Four years ago, in Citizens United v. FEC, the Roberts Court turned our Constitution's system of democracy of, by, and for the people on its head, ruling that money is speech, corporations are part of “We the People,” and the government's anti-corruption interest only extends to preventing bribery. In an opinion by Chief Justice John Roberts, McCutcheon doubles down on Citizens United, making that ruling even worse.

In McCutcheon, the justices struck down federal campaign contribution regulation for the first time in history, opening the floodgates and allowing Sheldon Adelson, the Koch brothers and fat cats across the political spectrum to contribute millions of dollars to elect candidates to do their bidding. Justice Clarence Thomas would have gone even further, voting to strike down all contribution limits.

As in Citizens United, the court's five conservative justices buried their collective heads in the sands, proclaiming that there is no risk of corruption, or threat to democracy, in a system that allows the wealthiest of Americans to cut million-dollar checks to candidates, parties and PACS. The court's ruling, as Justice Stephen Breyer explained in a powerful dissent, “eviscerates our Nation's campaign finance laws” and devalues “the importance of protecting the political integrity of our governmental institutions.” [Constitutional Accountability Center, 4/16/14, accessed August 5, 2014]
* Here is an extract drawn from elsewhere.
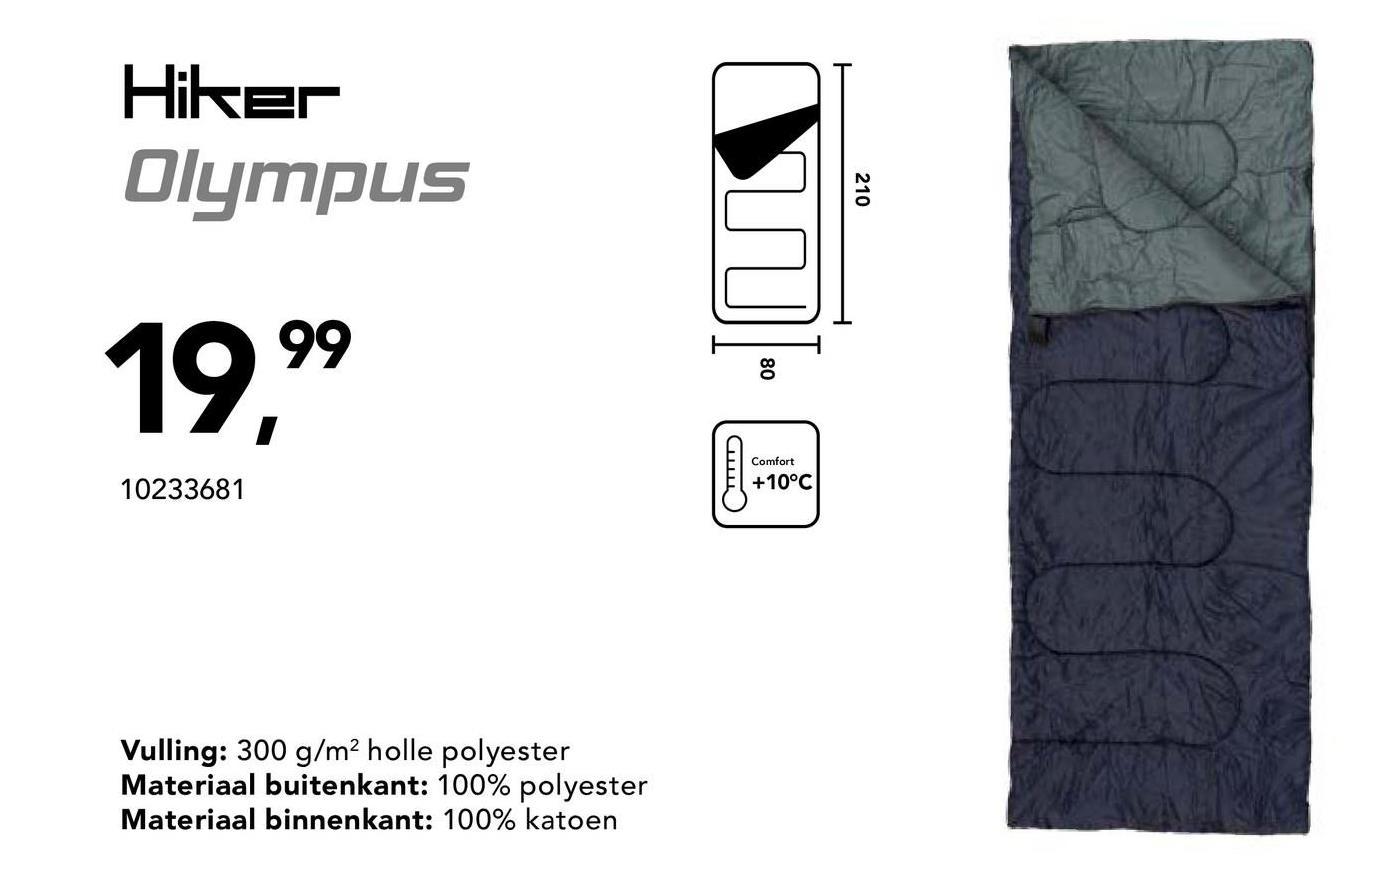 Slaapzak Olympus Hiker - Grijs - Goedkope Slaapzakken - Comfortabele slaapzak voor 1 persoon. Vulling: 300gr/m² holle polyester. Buitenkant: 100% polyester. Binnenkant: 100% katoen. Comforttemperatuur +10°. Afmetingen: 210cm x 80cm.

The Sunday Shows And Evening News Broadcasts Often Missed The Connection Between Citizens United And McCutcheonOut of eight Sunday show and network evening news segments that discussed McCutcheon and its ramifications on campaign finance law, Citizens United or corporate personhood was referenced in just half.

For more on McCutcheon, see here, here, and here.
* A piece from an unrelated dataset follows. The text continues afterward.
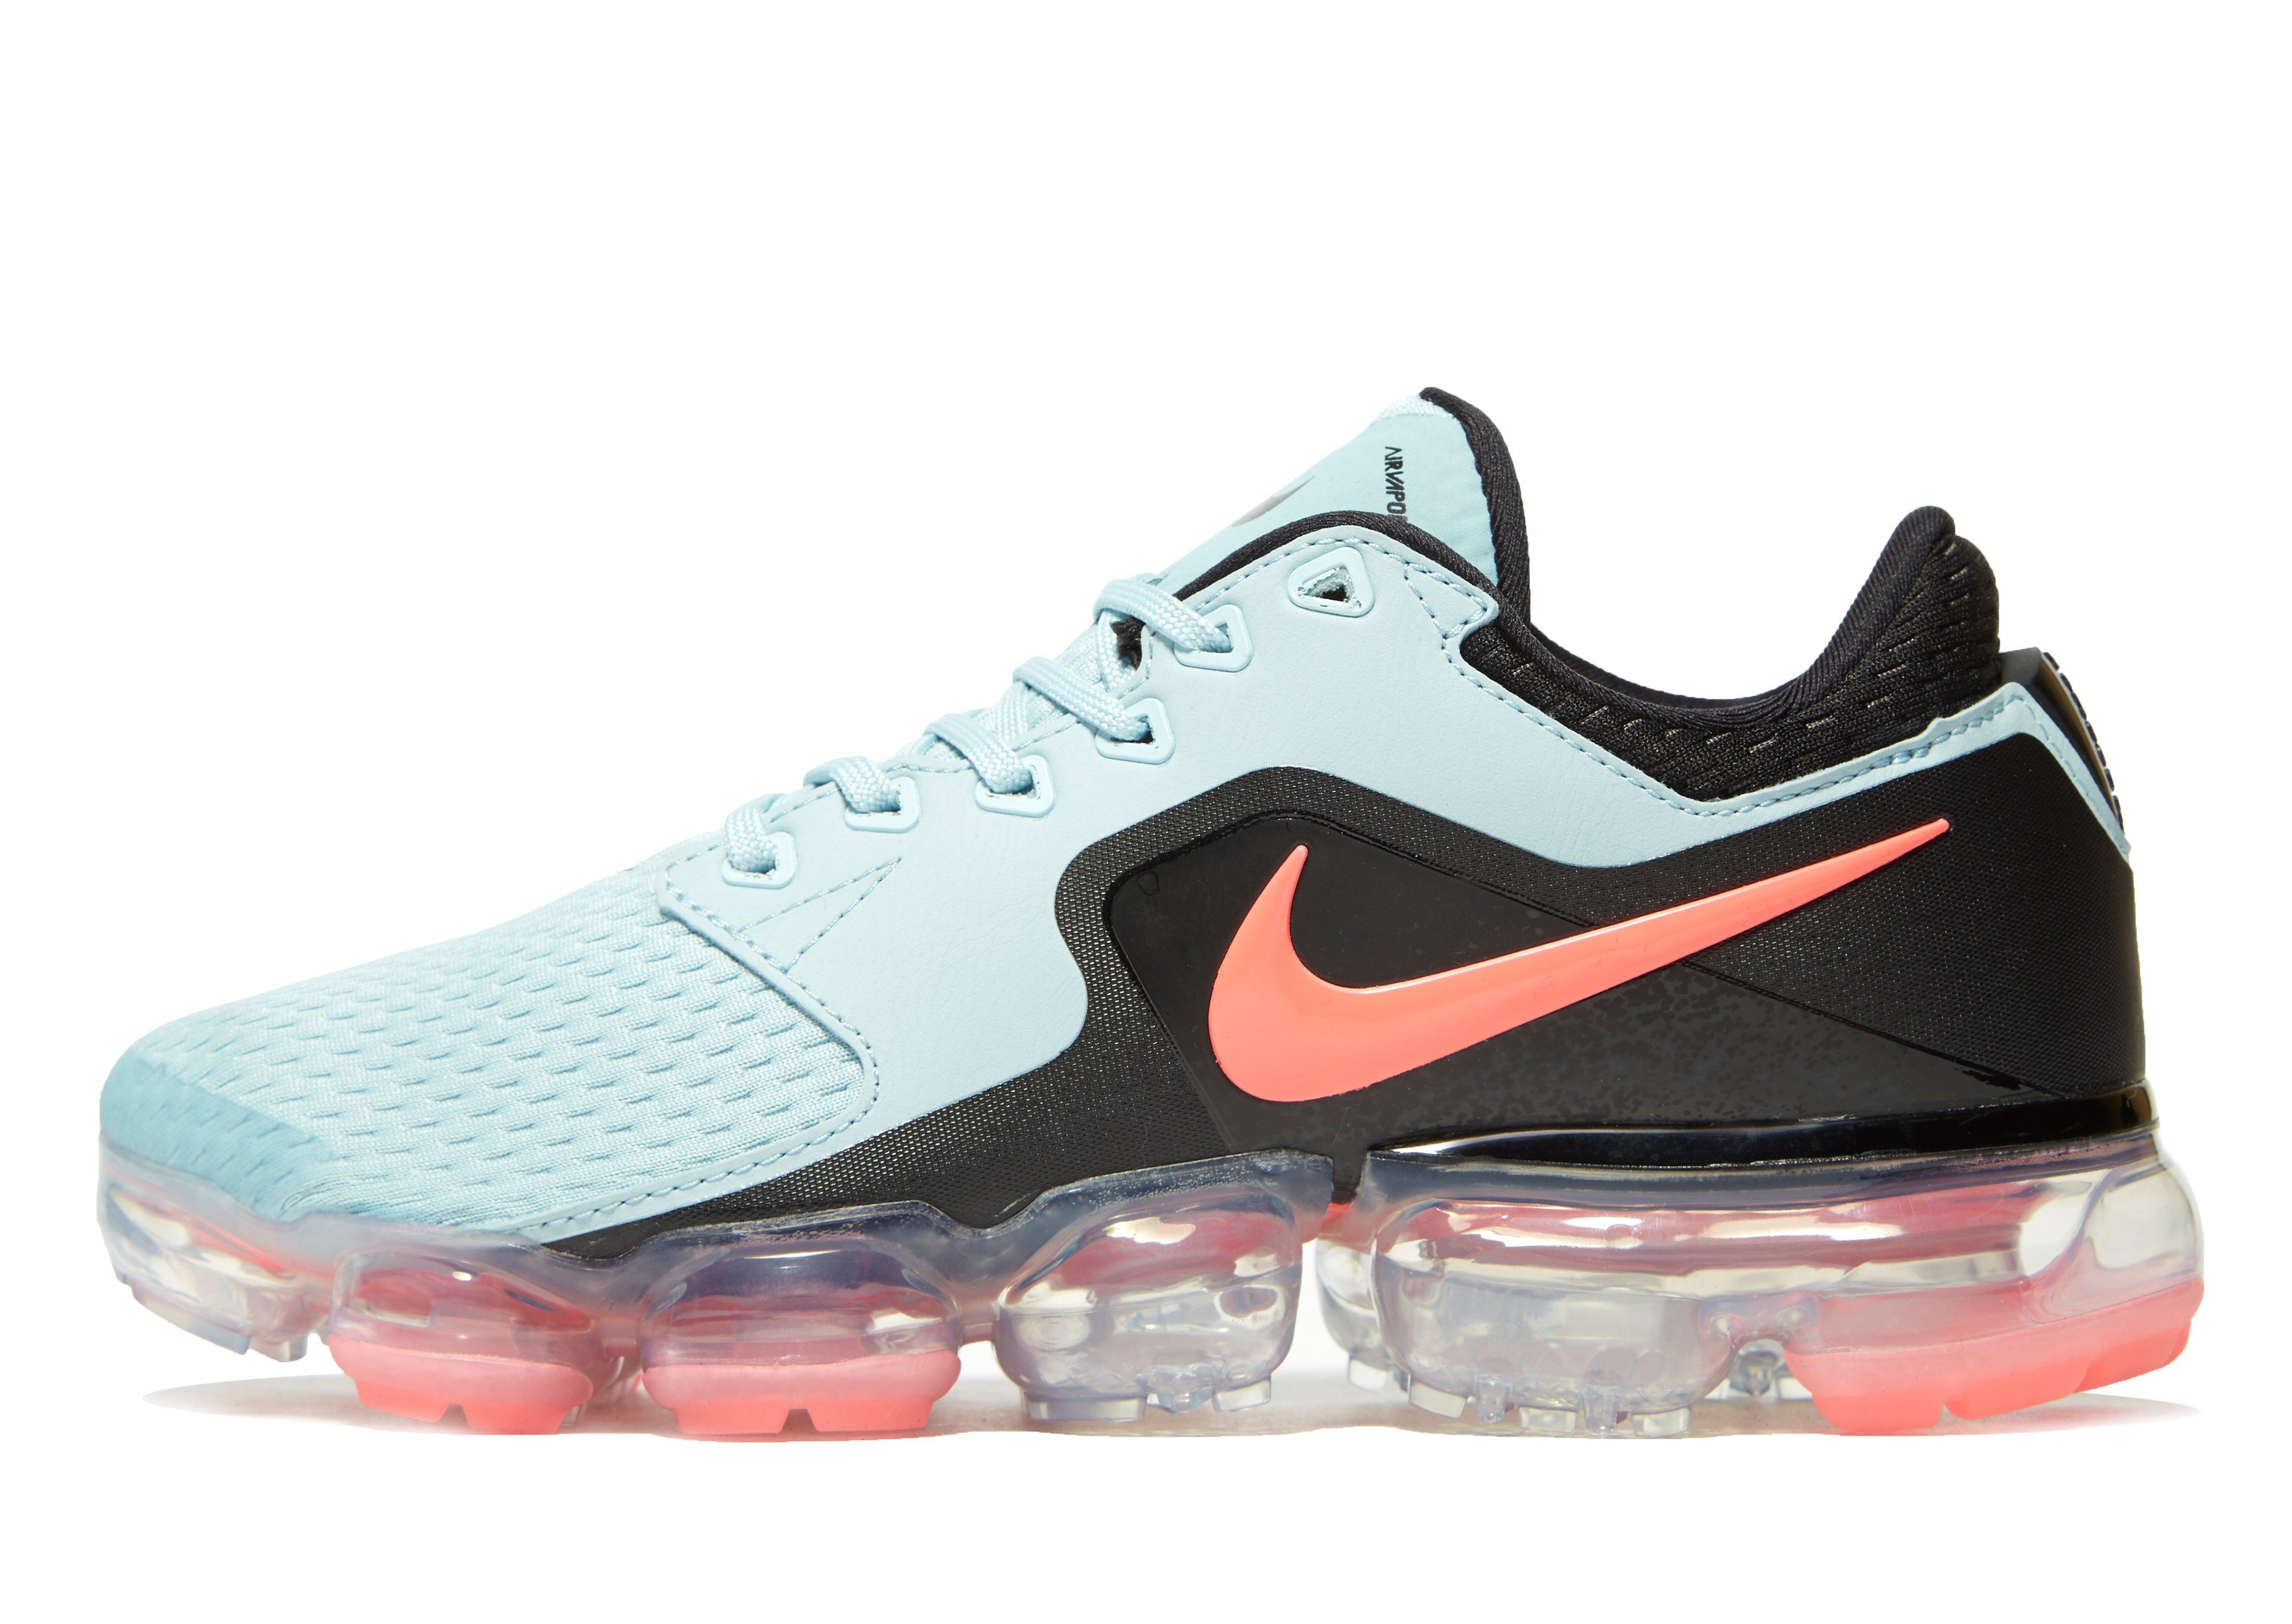 839e93428b1 Lyst - Nike Air Vapormax for Men

Evening News Broadcasts And Sunday Shows Miss Connection Between Burwell v. Hobby Lobby And Citizens United In 14 Of 20 Segments

New York TimesHobby Lobby Required The Supreme Court To “Assess The Limits Of A Principle First Recognized ... In Citizens United.” The New York Times' Supreme Court reporter Adam Liptak reported that the Supreme Court's decision in Hobby Lobby had to confront the concept of corporate personhood that was outlined in Citizens United in 2010. Lower courts were already split on how “the First Amendment logic of Citizens United” applied to the Hobby Lobby case and reproductive rights:

Hobby Lobby, a corporation, says that forcing it to provide [contraceptive] coverage would violate its religious beliefs. 

[...]

“The stakes here, symbolically and politically, are very high,” said Douglas Laycock, a law professor at the University of Virginia, citing the clash between religious teachings and the [Obama] administration's embattled health care law.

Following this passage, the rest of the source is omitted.